In 113 he is speaking of the intrinsic evil of vengefulness:

113. Saint Paul bade the Romans not to repay evil for evil (cf. Rom 12:17), not to seek revenge (v. 19), and not to be overcome by evil, but instead to “overcome evil with good” (v. 21).

One might add many other examples of intrinsically evil acts, quite in line with GE, for example rape, sexual abuse, homosexual acts, calumnies, perjuries, false accusations, deliberately unjust judgments of judges for the sake of personal gains, accepting bribes, etc., etc.

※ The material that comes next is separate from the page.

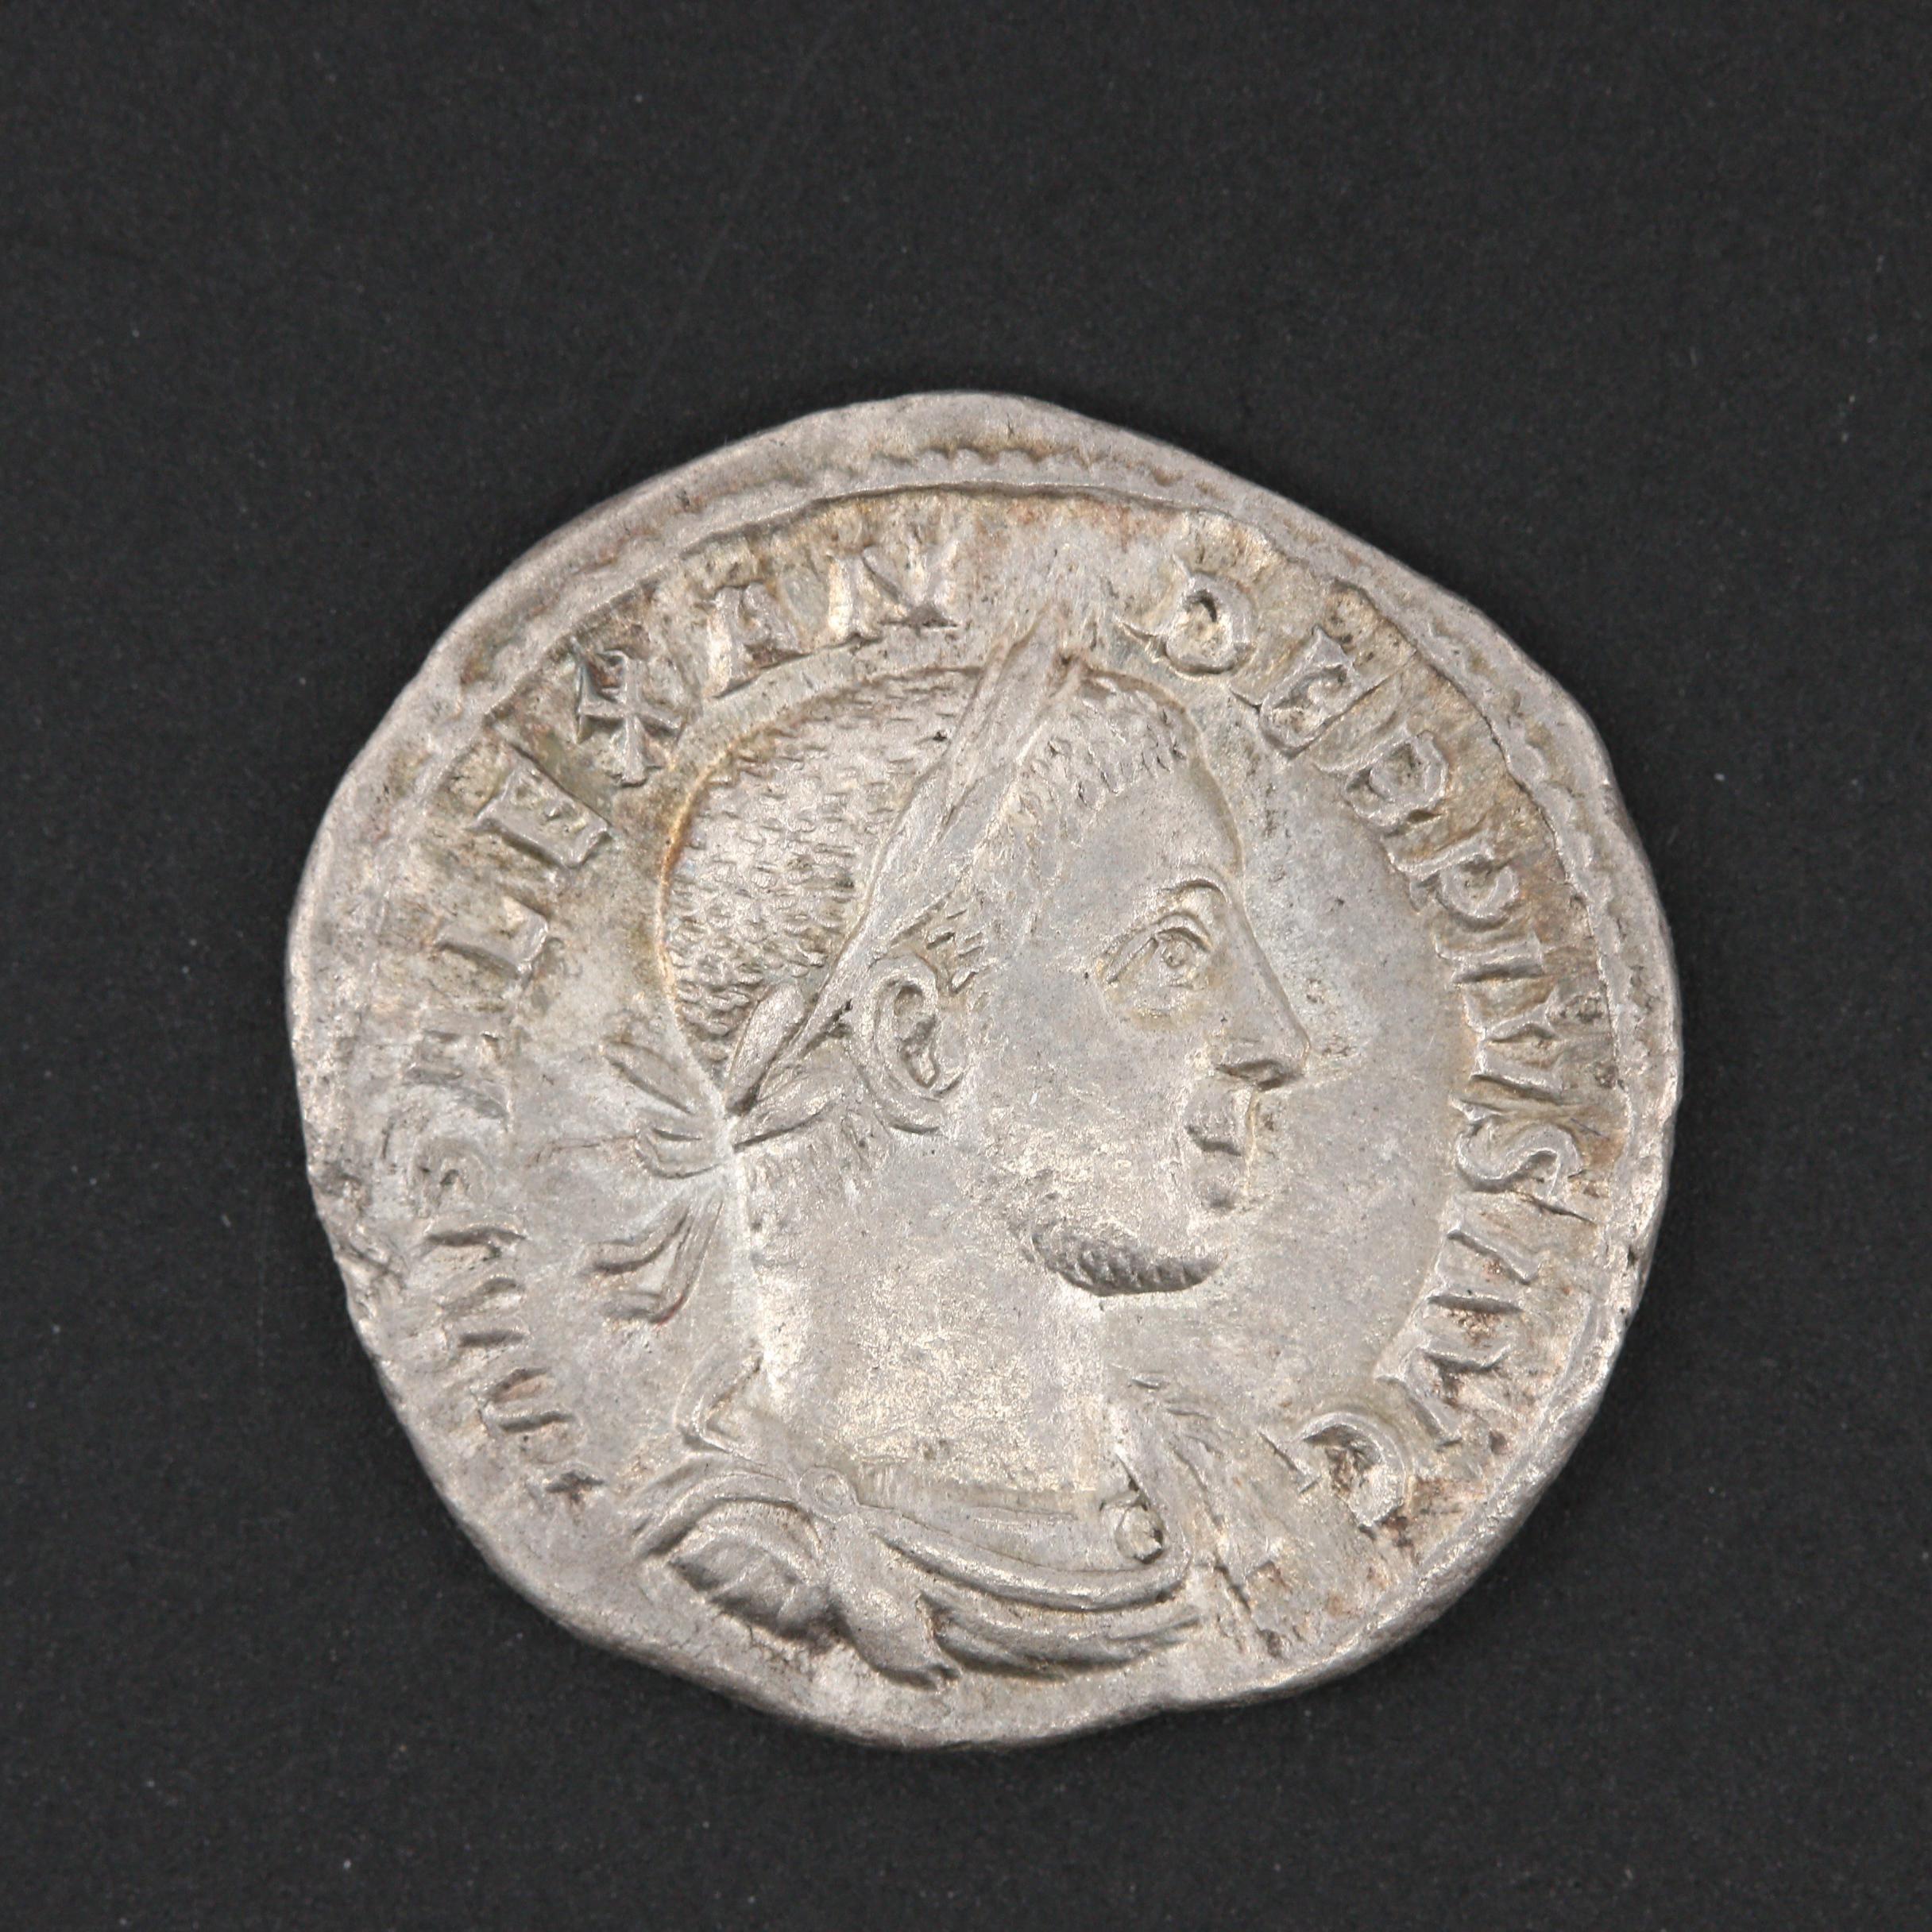 Ancient Roman Imperial Severus Alexander AR Denarius, ca. 232 A.D.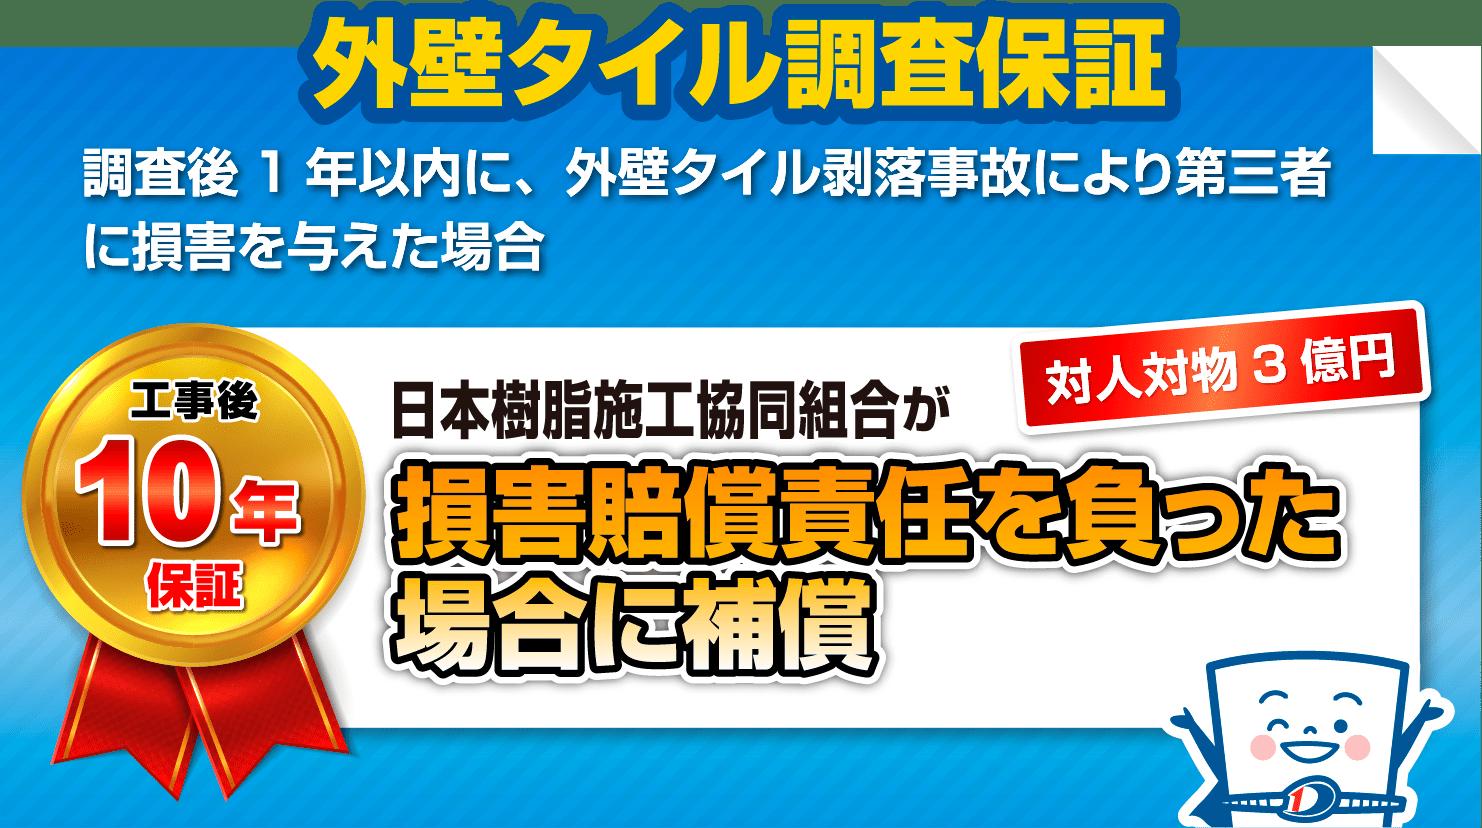 外壁タイル調査保証                             調査後1年以内に、外壁タイル剥落事故により第三者に損害を与えた場合                             工事後10年保証 対人対物3億円 日本樹脂施工協同組合が損害賠償責任を負った場合に補償

In his interpretation of the “Blessed are the merciful…”, he says: 80:

Mercy has two aspects. It involves giving, helping and serving others, but it also includes forgiveness and understanding. Matthew sums it up in one golden rule: “In everything, do to others as you would have them do to you” (7:12). The Catechism reminds us that this law is to be applied “in every case”,[71]especially when we are “confronted by situations that make moral judgments assured and decision difficult”.[72]

In 82, he adds:

For this reason, in the Gospel of Luke we do not hear the words, “Be perfect” (Mt 5:48), but rather, “Be merciful, even as your Father is merciful. Judge not, and you will not be judged; condemn not, and you will not be condemned; forgive, and you will be forgiven; give, and it will be given to you” (6:36-38). Luke then adds something not to be overlooked: “The measure you give will be the measure you get back” (6:38). The yardstick we use for understanding and forgiving others will measure the forgiveness we receive. The yardstick we use for giving will measure what we receive. We should never forget this.